Feds Charged With Stealing Bitcoin
A former DEA official and a former Secret Service agent are accused of using bitcoin to launder money during an investigation into Silk Road.
The Justice Department announced Monday it is charging two federal agents with using bitcoin to launder money while the pair investigated Silk Road, a now-defunct website where criminals relied on the digital currency to conduct illicit business.
The investigators being charged are Carl Mark Force IV, who worked with the Drug Enforcement Administration, and Shaun Bridges, a former Secret Service agent. Force is being charged with wire fraud, stealing government property, and money-laundering; Bridges is accused of of wire fraud and money-laundering.
Force and Bridges are described in a criminal complaint as abusing their positions as federal agents to "engage in a scheme to defraud a variety of third parties, the public, and the government, all for their own financial enrichment."
Force, according to the Justice Department's investigation, was an undercover agent who communicated online with Ross Ulbricht, the founder of Silk Road and a target of a separate investigation.

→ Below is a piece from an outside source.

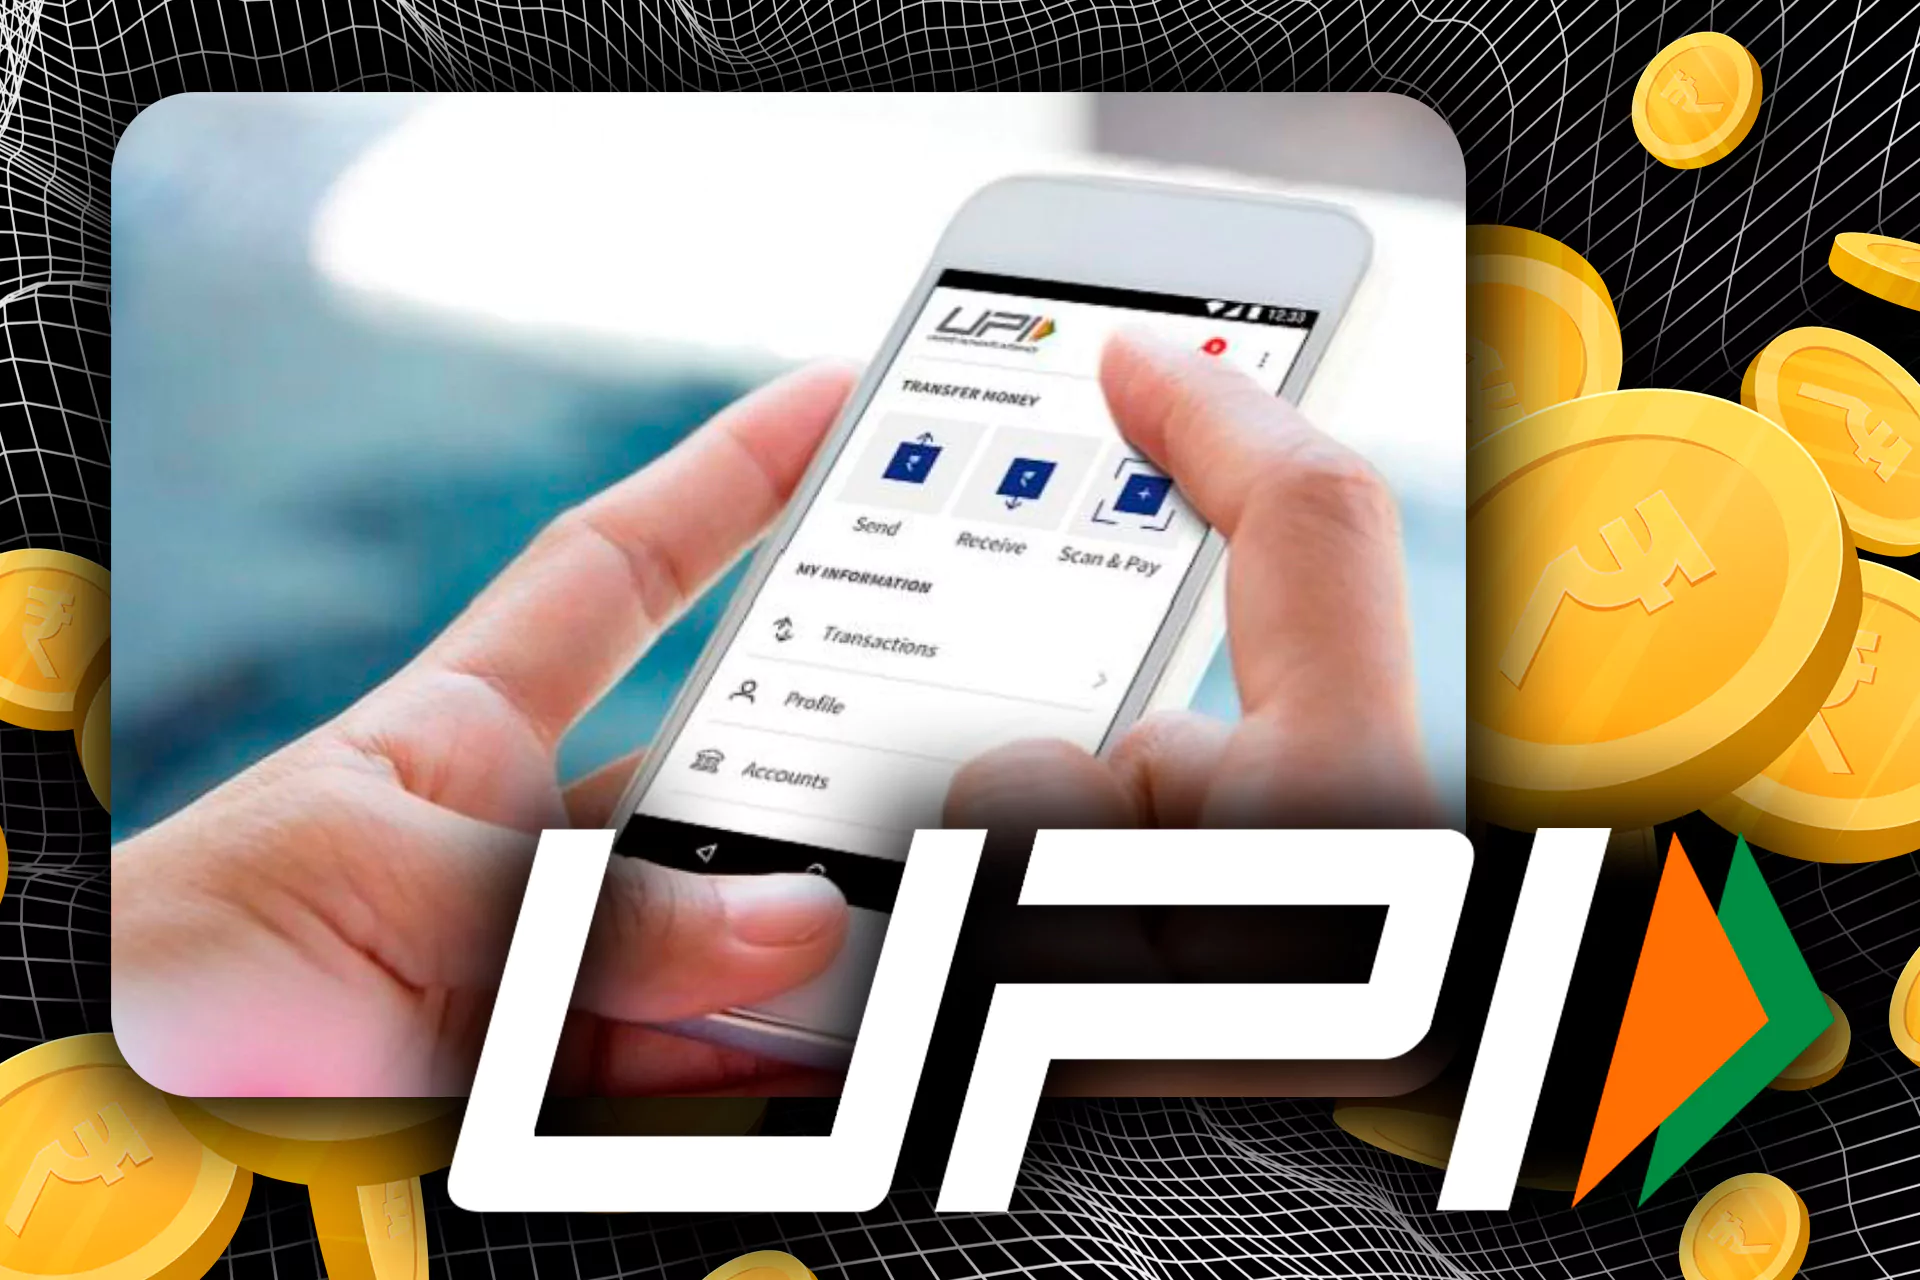 UPI is a system designed specifically for Indian users.

But while on the job, Force developed a number of separate online identities in order to engage in "complex bitcoin transactions to steal from the government and the targets of the investigation," the complaint alleges.
Bridges is charged with diverting more than $800,000 in digital currency to a personal account—funds he acquired as a result of the Silk Road investigation. Bridges put that money in an account at Mt. Gox, a separate Japan-based exchange for digital currencies that is also now defunct. Bridges is alleged to have wired funds to a personal investment account just days before he sought a $2.1 million seizure warrant for accounts at Mt. Gox.
Ulbricht, the Silk Road operator, was convicted last month in federal court on seven counts, including trafficking drugs on the Internet and running a criminal enterprise. His sentencing is expected in May.
Silk Road was a popular underground website where bitcoin was often used as a currency in order to evade detection. The site, which launched in February 2011 and was shut down by the FBI in October 2013, at times trafficked more than $1 million a day. It has been described by authorities as "a sprawling and anonymous black-market bazaar where illegal drugs of virtually every variety were bought and sold regularly by the site's users."
Law-enforcement officials for years have warned that bitcoin and other cryptocurrencies can be easily exploited by criminals and drug traffickers, given the anonymous nature of the technology.
The use of bitcoin to launder money by two federal agents tasked with investigating criminals for that very same practice would appear to vindicate the Justice Department's wary stance toward the cryptocurrency. But bitcoin evangelists insist that the decentralized payment method is good for consumers, because they can avoid transfer fees and don't need to rely on banks.
Regulators continue to grapple with how to approach the nascent market of cryptocurrencies. Sen. Joe Manchin called for a blanket ban on bitcoin a little over a year ago, on grounds that the virtual currency "has allowed users to participate in illicit activity, while also being highly unstable and disruptive to our economy."